When the apprentice and the stonemason decided `to eat it later', the `it' referred not to the knife that had been used unsuccessfully to cut the nougat, but to the nougat itself. Figuring this out involved nothing more than the making of a prediction: of all the things mentioned-the block of stone, the olive tree, the lunch, the beer, the nougat, the knife-which could one predict would be eaten? It has to be either the lunch or the nougat, with the nougat being more likely (it was the more recently mentioned of the two). And when `the knife' was mentioned, its existence could be predicted from the meaning of `cut'. Similarly, the beer could be predicted (perhaps not with any great certainty, but we shall come to that in a moment) on the basis of the lunch. And the fact that the beer was cold could be predicted on the basis of both the hot day and the sequence `but fortunately the beer was . . .' (what else could plausibly be predicted at this point?). The lunch itself could have been predicted, from `they were hungry'. Even the block of stone could be predicted, given the stonemason's trade. It is surprising, really, just how little in the text could not be anticipated.

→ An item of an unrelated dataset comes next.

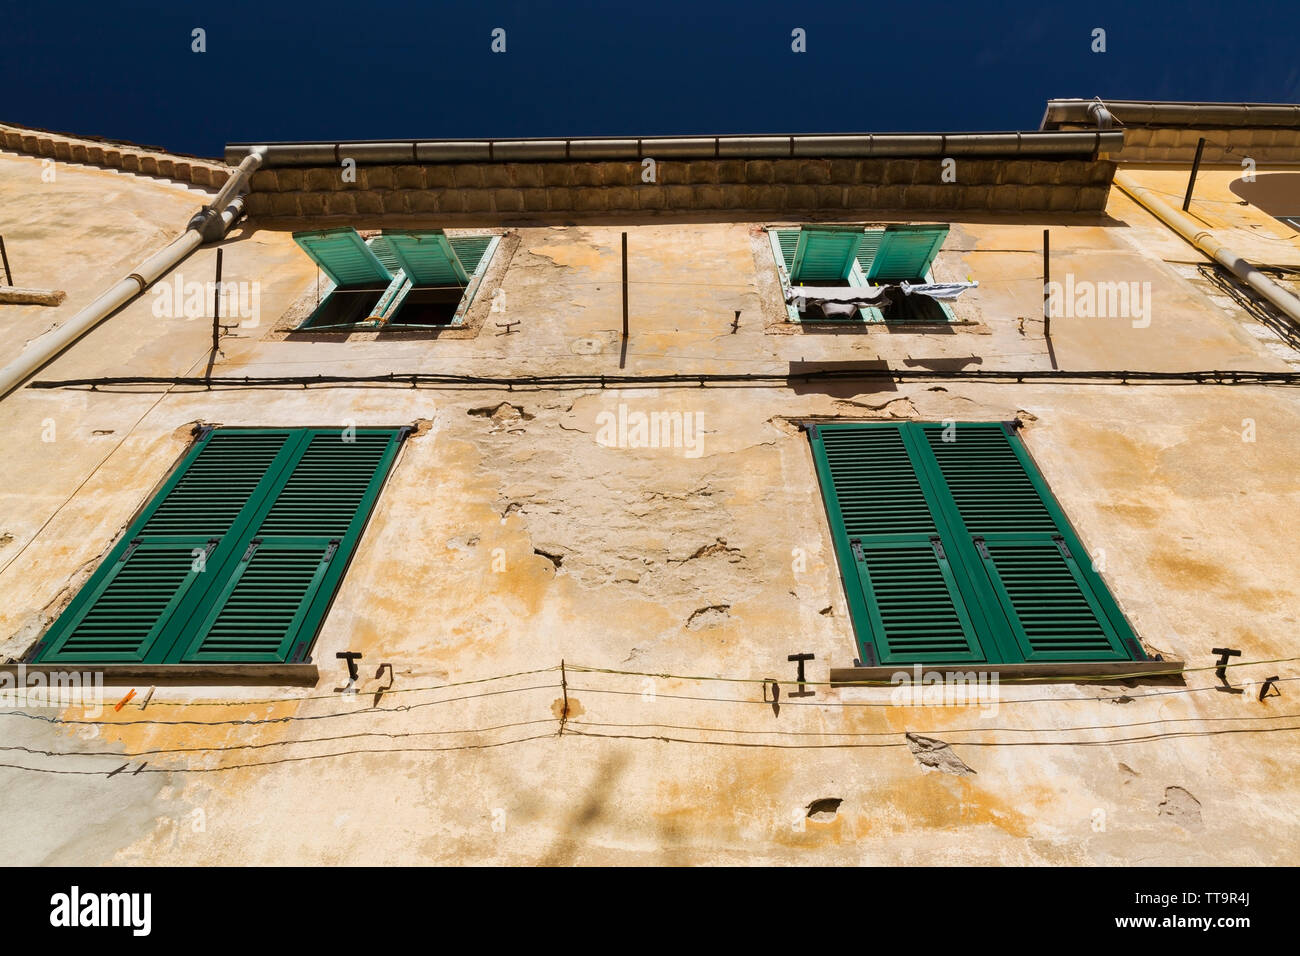 Old building facade with windows covered with green wooden louvered shutters, Villefranche-sur-Mer, Provence, France, Europe Stock Photo

Experiments confirm the extent to which predictions are continuously being made, by showing that the time it takes to recognize a word is determined by how predictable that word is from the context in which it appears. The word `stone' in `A stonemason and his apprentice set down a block of stone . . .' would be recognized faster than the equivalent word in `A stonemason and his apprentice set down a block of wood . . .'. But does this mean that at each word we evaluate how predictable that word is from the context and from general knowledge about the ways of the world? That would surely be too much effort. What would the advantage be?

Prediction and meaning

The neural activity evoked in response to something, whether it is a word, a thing, an event, or whatever, comes to reflect not just the thing itself, but also the contexts in which the thing tends to occur. But it does not come to reflect just any aspect of those contexts. Instead, it reflects just those bits that could be predicted by the occurrence of that something. Why? Because that is the way this kind of learning works. Imagine being taught Mandarin Chinese and being shown a glass of beer that you are told is an example of `boli'. Imagine that you are then shown a bottle ofbeer and told the same thing. Presumably `boli' means `beer'. Now you are shown a glass of lager (a light-coloured beer, for readers who do not distinguish one beer from another), and you are again told that it is `boli'. You probably assume, now, that the Chinese, like Americans, do not distinguish between beer and lager. But now imagine that you are shown a glass of water, a bottle of Coke, a windowpane, and that each time you are told it is `boli'. The chances are that you do not assume that the word `boli' has several meanings, one for each of the things you were shown. Instead, you assume that `boli' means the one thing that was common to, and could be predicted by, the occurrence of `boli'-glass. This same principle will be revisited in Chapter 13 on artificial brains and what they can learn.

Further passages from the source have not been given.